STECHSCHULTE: The biggest thing we've noticed is that with the players who are involved in this during the last couple of years, there has been just a dramatic shift in who is involved in development in Dane County. Guys who have been from Milwaukee, Minneapolis, or other places outside our area, and guys who, for whatever reason, have been conservative through this downturn, and have some extra funding and things available, and are looking for investments.
In Sun Prairie, we're probably in the biggest pipeline that we've seen, certainly, in the last five years. Part of that is because projects have taken 10 years to get to this point. The Woodman's groundbreaking is great. We're finally adding 225,000 square feet of commercial space, but that's been 10 years in the making, at least 10. The amount of time it's taking projects to get to fruition is just mind-boggling. On average, when I first started five years ago, it was probably one to two years from concept to breaking ground.

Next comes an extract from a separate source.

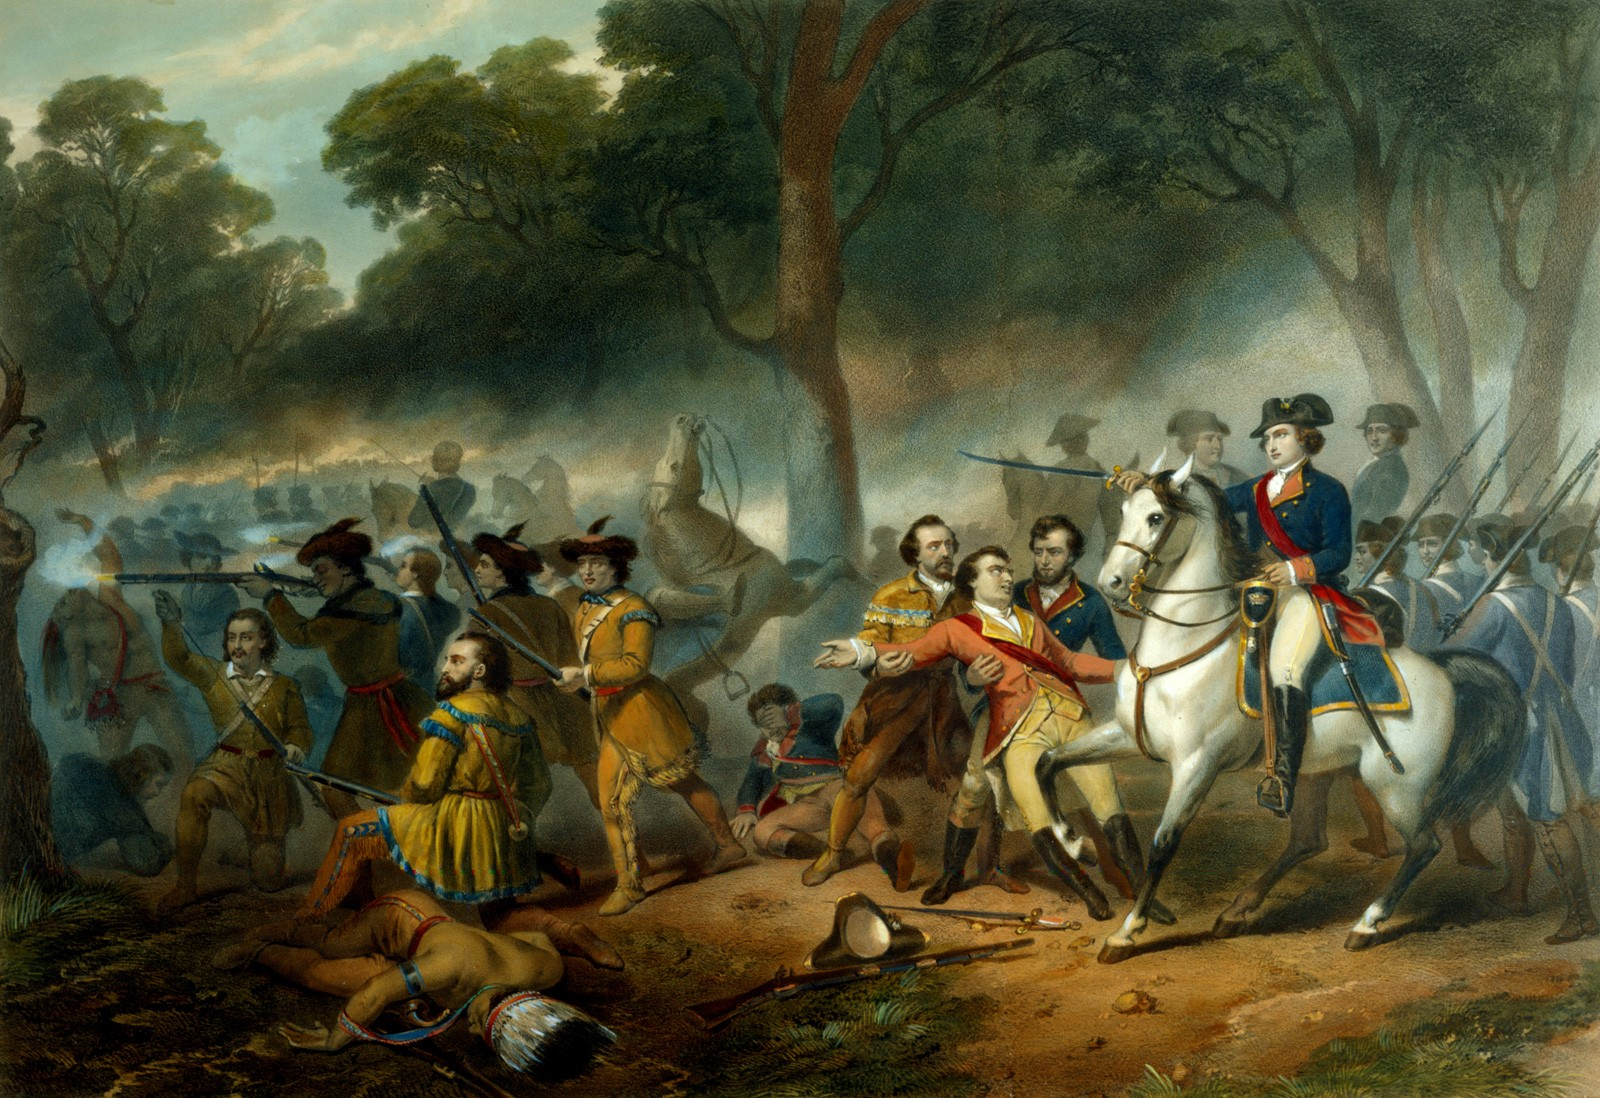 george washington · george washington s mount vernon washington the ier battle of the monongahela 9 1755

We've had, with the last three or four projects we're working on, some of the most creative assemblies of financing I've ever seen. And that could be good, and it could be bad, I'll be the first to admit. As the municipality, we've had to look at doing things that we never thought about doing before. Real estate investment trusts and the requirements they have are odd sometimes, depending on the trust that you're speaking with. There's not a standard playbook anymore. You have to make sure everybody is talking to each other, and everybody understands the project rules going forward.
GLYNN PATRICK: What about the state of Wisconsin and its attempt to resolve its fiscal situation? Are there still public monies available to approve new projects in the immediate future?
OLVER: The biggest drag on the economy right now is that there's not enough aggregate demand so that you can have an expansion of employment, and so that you can have construction. Aggregate demand – 70% of it is consumption and 20% of it is government expenditure.
So when you see people cutting back government – the city is certainly looking at its capital budgets – you're hearing about 25% cuts in discretionary spending in Washington, so that is going to be a drag.
BECK-ENGEL: I would say, though, that the state is very conscious that it needs to continue to invest. We have a world-class university right here in Madison, and to attract top researchers, top faculty, they have to invest in facilities, and they do continue to do that. The capital budget this time around is lower than it has been in the past, but it's still pretty significant. They're still invested.
OLVER: The university is a bright spot for the Madison area, in terms of the construction economy.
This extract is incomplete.